Но с точки зрения разумности вопрос даже не в том, что собака понимает, что в дом входить нельзя, и сама останавливается у порога, а в необучаемости. Дети могут затащить щенка в дом и с ним там играть. Но, подрастая, пес перестает требовать, чтобы его пускали за порог. Хозяйка или хозяин несколько раз прикрикнут на него, и он все понял! Пес обучаем, и потому считается умным!
Никого из домашних животных, включая кур или уток, обучить не удается. Поэтому их не обучают, за ними постоянно следят и считают дураком того, кто не понимает, что за скотиной требуется глаз да глаз!
Однако даже состояние скотины имеет несколько градаций, потому что скотина – это общее название для всех домашних животных, снабжающих человека пищей. Однако может быть тупая скотина, а может – шкодливая или пакостливая. А это уже требует вполне определенной сообразительности!
Само слово «скот» известно на Руси с древности. Еще Велес назывался скотьим богом. Но при этом у него развились дополнительные значения, и, по крайней мере, с восемнадцатого века наши словари приводят не только значение: «четвероногие домашние животные – подъяремные волы, коровы, овцы, козы, кони», но и «скотен – подобен подъяремному скоту» (Словарь Академии Российской).

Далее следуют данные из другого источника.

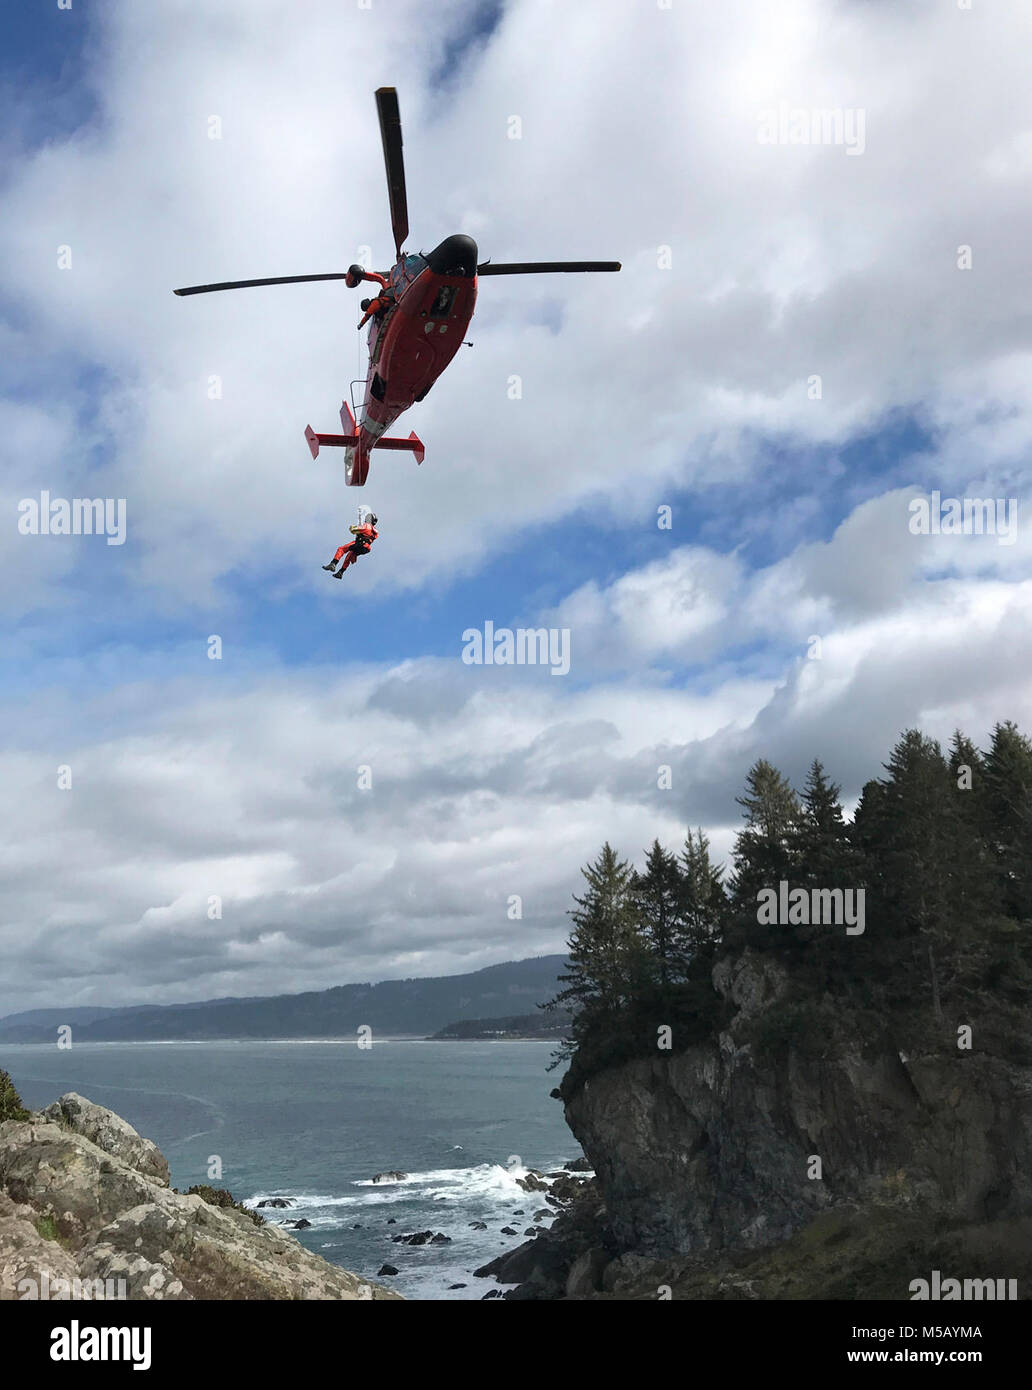 A Coast Guard Sector Humboldt Bay MH-65 Dolphin helicopter crew conducts cliff-rescue training at Patrick's Point State Park, California, Feb. 14, 2018. The helicopter crews assigned to Sector Humboldt Bay cover Humboldt, Mendocino and Del Norte counties. (U.S. Coast Guard Stock Photo

В этом определении подчеркнуто именно то, что делает человека быдлом, то есть скотом. Слово «быдло», видимо, заимствовано из польского. Причем, в отношении к людям это слово также подчеркивает «подъяремность»: «О тупых, безвольных людях, покорных насилию. В устах помещиков-крепостников – презрительное обозначение крестьянской массы, как безвольного, бессловесного и покорного стада, опекаемого помещиком» (Ушаков).
Однако эта «покорность» в отношении рабочего скота столь же условна, как и его «подъяремность». Быдло вовсе не бессловесно и не покорно. Это только у Пушкина народ безмолвствует, а вот в архивах Пыточного приказа сохранилась куча дел, возбужденных во времена самодержцев на тех, кто говорил.
Образ крестьян, как безвольной и покорной массы эксплуатируемых, был удобен советской идеологической машине, пока надо было ломать старый уклад и переманивать народ на сторону «хорошей советской власти». Поэтому в тридцатых годах Ушаков отражает официальное мнение на быдло. А вот Евгеньева в восьмидесятых полностью убирает эту статью из своего словаря. Почему?
Потому что при советской власти стало ясно, что гегемон, рабочий класс – это вовсе не покорное быдло, а быдло вполне разрушительное и неуправляемое. А поскольку булыжник по-прежнему оставался оружием пролетариата, то еще и опасное.
«Сознательных рабочих», то есть хозяев, разумных людей, среди этой «крестьянско-рабочей массы» оказалось на удивление мало. Впрочем, чему тут удивляться, если старшее поколение хозяев просто уничтожили, а процент разумных людей всегда низок!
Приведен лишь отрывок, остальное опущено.